Since dividends are considered income, you need to pay earning tax on dividends annually. Form 1099-DIV is used to calculate taxes on dividends and report to the IRS.
In our review, we will tell you what dividends are, why you need the 1099-DIV form, and give basic info about this paper. Also, in our review, you will find a detailed step-by-step guide on how to create a form and fill out a paper.
If you have any questions when filling out the paper, or if you do not understand the terminology, you should seek professional help from a lawyer.
Dividends are the profits of the corporation divided among the stockholders. The number of dividends, the frequency of payments, and other factors depend on the policy of the corporation.
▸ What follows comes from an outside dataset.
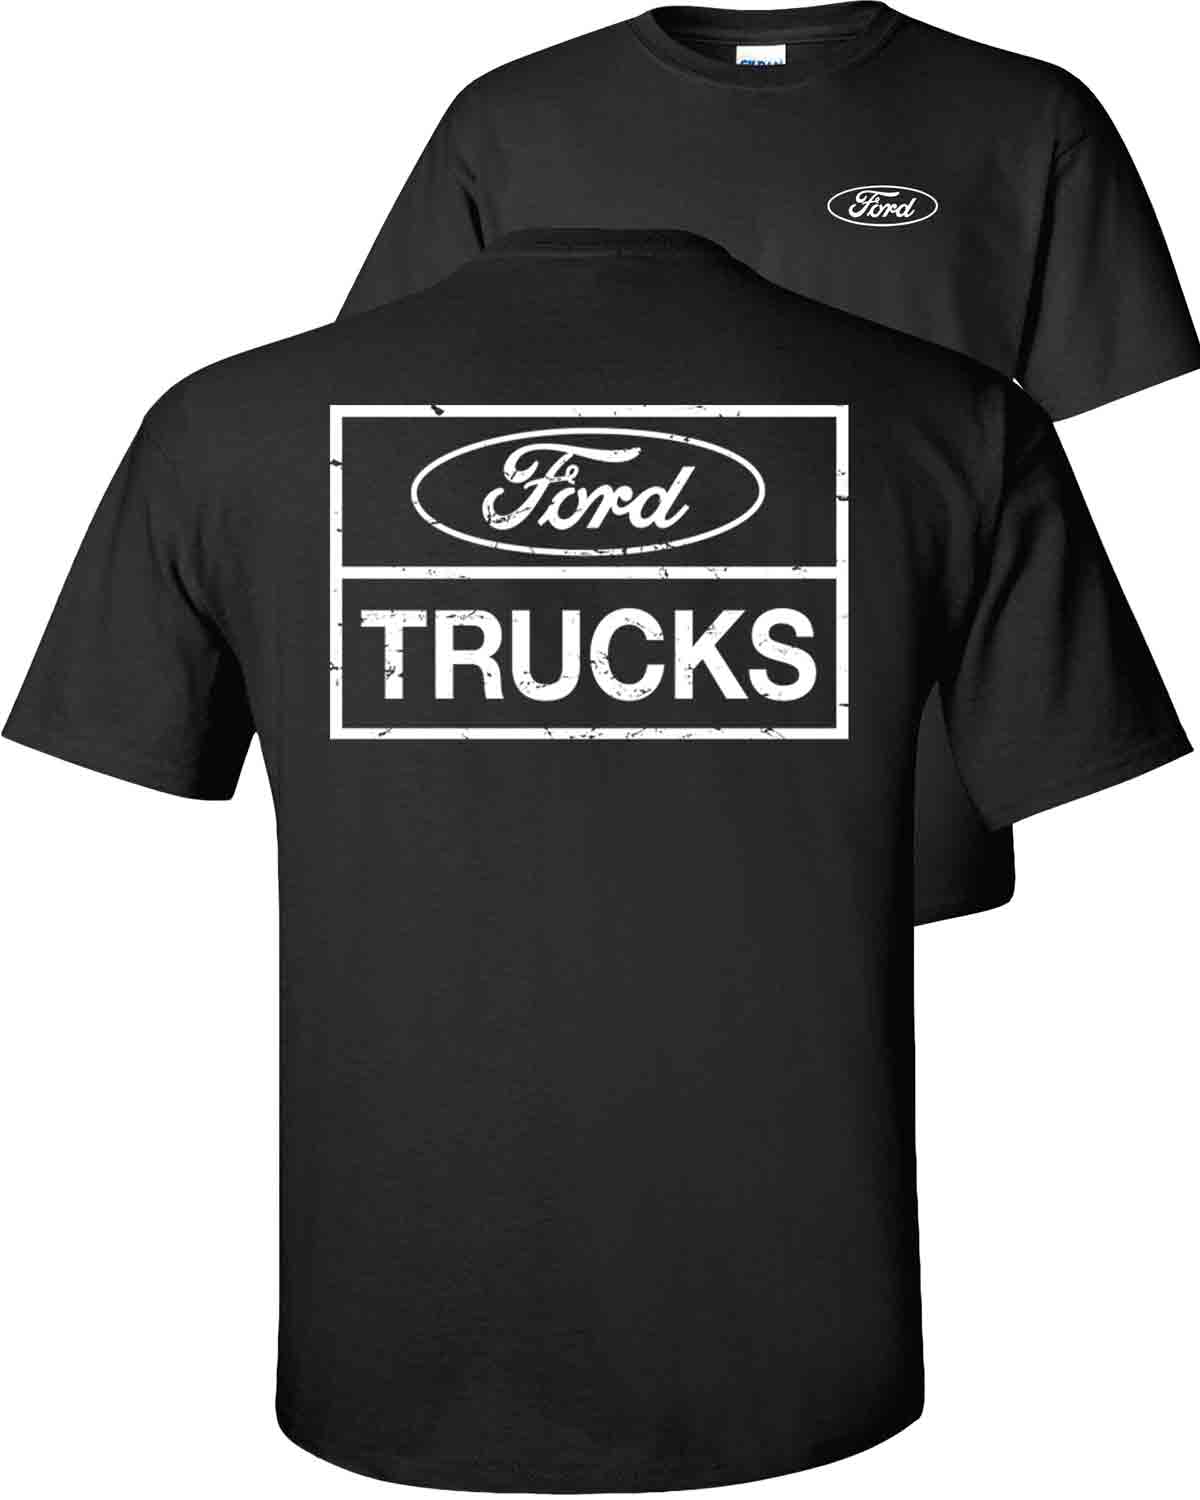 distressed-trucks-f-150-ford-t-shirt-fb-black.jpg
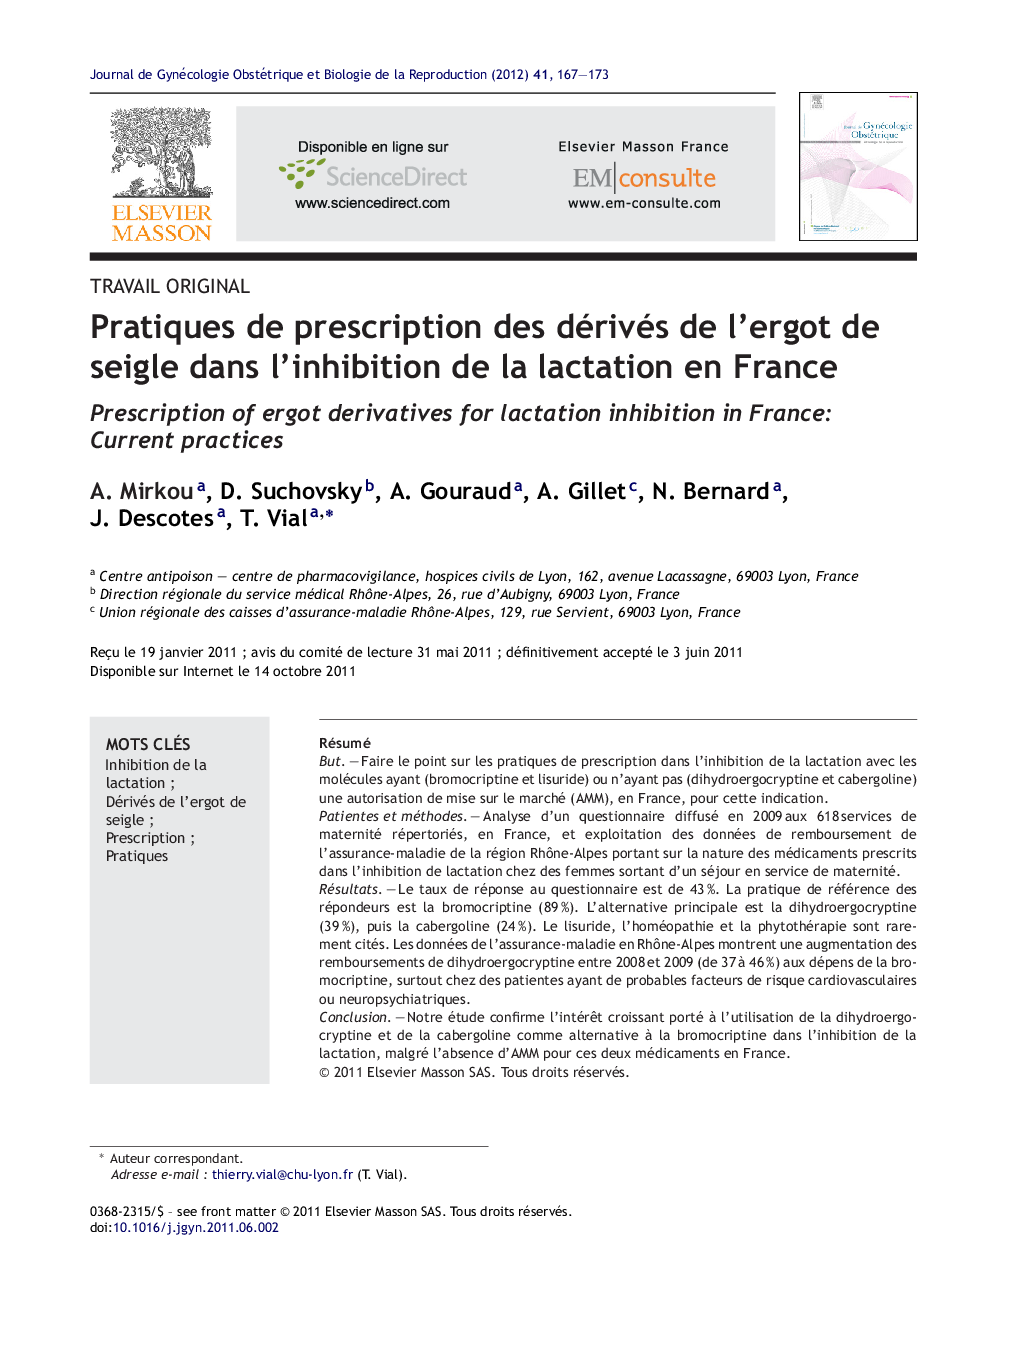 Pratiques de prescription des dérivés de l'ergot de seigle dans l'inhibition de la lactation en France

To make money on stocks and receive dividends, you need to buy stocks first. Not all companies pay dividends, but usually, companies provide reports on the distribution of their profits. Some companies pay dividends regularly. To make money on dividends, you need to choose a corporation with the right policy.
Your stocks will be more profitable over time if you buy them from a developing and promising corporation. If the stock price rises, profits, and dividends will rise.
If the stock doesn’t pay you much, you can sell it. It is better to do this at a certain moment, namely a few days before the dividend payment. Usually, by this time, stock prices are significantly higher. Immediately after the dividend is paid, stock prices fall again. That is, if you buy stocks after the dividend is paid and sell them before the dividend is paid, you can make money selling the stocks.
And the money from the sale of stocks and dividends is included in your income, and this means that you need to pay income tax for this money.
The paper is not filled out by the person who received the dividend and must pay earning tax. The dividend paper is created by the bank or corporation and sent to the recipient. In this case, the paper comes to the recipient already filled out.
But at the same time, this paper is very important for the recipient. The info provided on the form will need to be reported on the annual tax return.
The dividend paper must be received by the recipient no later than January 31st.
That is, taxpayers do not need to worry about creating a 1099-Div form and calculating taxes for their dividends.
Form 1099-DIV is needed to calculate your dividend earning and your taxes. The paper contains detailed info about your dividends and other income.
You will need to take into account the info provided in this document when paying your annual earning tax.
It is worth noting that Form 1099-DIV should be received only by those taxpayers whose dividend earning for the year was more than $ 10. If your dividend earning is less than $ 10, you will not be sent Form 1099-DIV.
The paper is completed and compiled by the bank that paid your dividends and contains all the necessary info about your income.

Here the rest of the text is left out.